Para demostrarle que yo era inofensivo y empático, le confesé que yo era amante de los refranes, como él, y le recité un par de ellos que estaba seguro que no conocía: «Que cada perrico se lama su pijico», y «Noches de desenfreno, mañanas de Ibuprofeno». Fingió que no le hacían ni puñetera gracia, pero era puro disimulo, lo sé. Fue en ese momento cuando creo que metí la pata. Le pregunté por su relación íntima con don Quijote y quise saber si lo que sentía por él era admiración o había algo más: sentimiento amoroso, deseo sexual, pasión arrebatadora, frenesí contenido y varios conceptos más que acababa de leer en un libro de Freud sobre la interpretación de las siestas. Entonces Sancho se puso violento, intentó golpearme con el maletín y me dio un empujón que casi acaba con mis huesos en el suelo.
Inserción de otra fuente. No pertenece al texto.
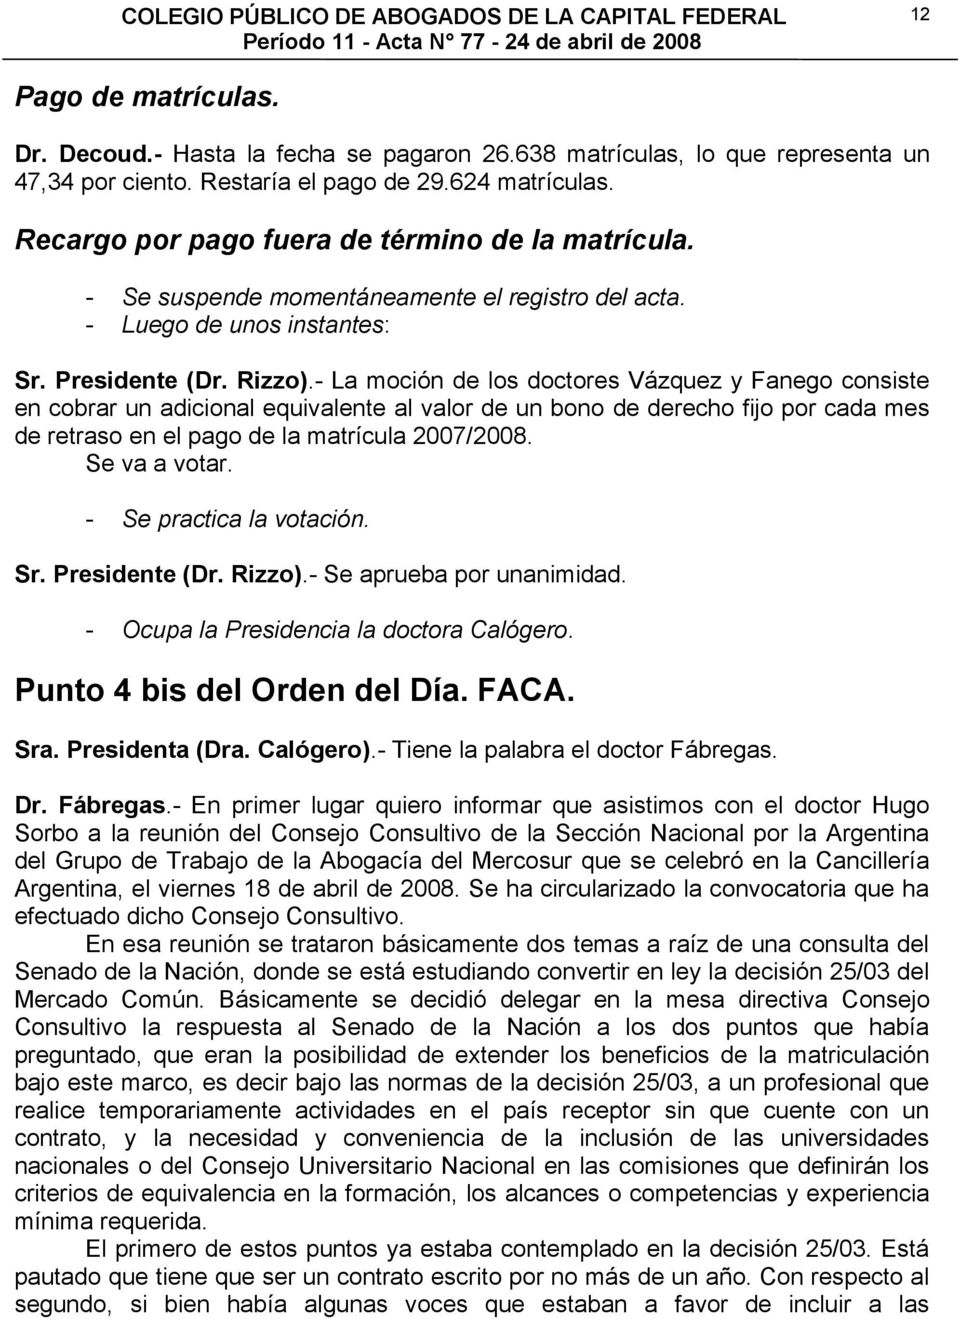 - La moción de los doctores Vázquez y Fanego consiste en cobrar un adicional equivalente al valor de un bono de derecho fijo por cada mes de retraso en el pago de la matrícula 2007/2008.

Y, claro, me defendí como pude y le solté un bofetón sin querer y le di una patadita de nada en semejante parte, es decir, en la entrepierna o partes pudendas. Pero Sancho, que es tan histriónico en la ficción como en la realidad, se tiró al suelo y empezó a retorcerse de dolor y a pedir auxilio. Y en esto que se acercaron seis o siete personas de distinto sexo que empezaron a grabar con sus móviles, y uno más feo que Picio llamó a la policía.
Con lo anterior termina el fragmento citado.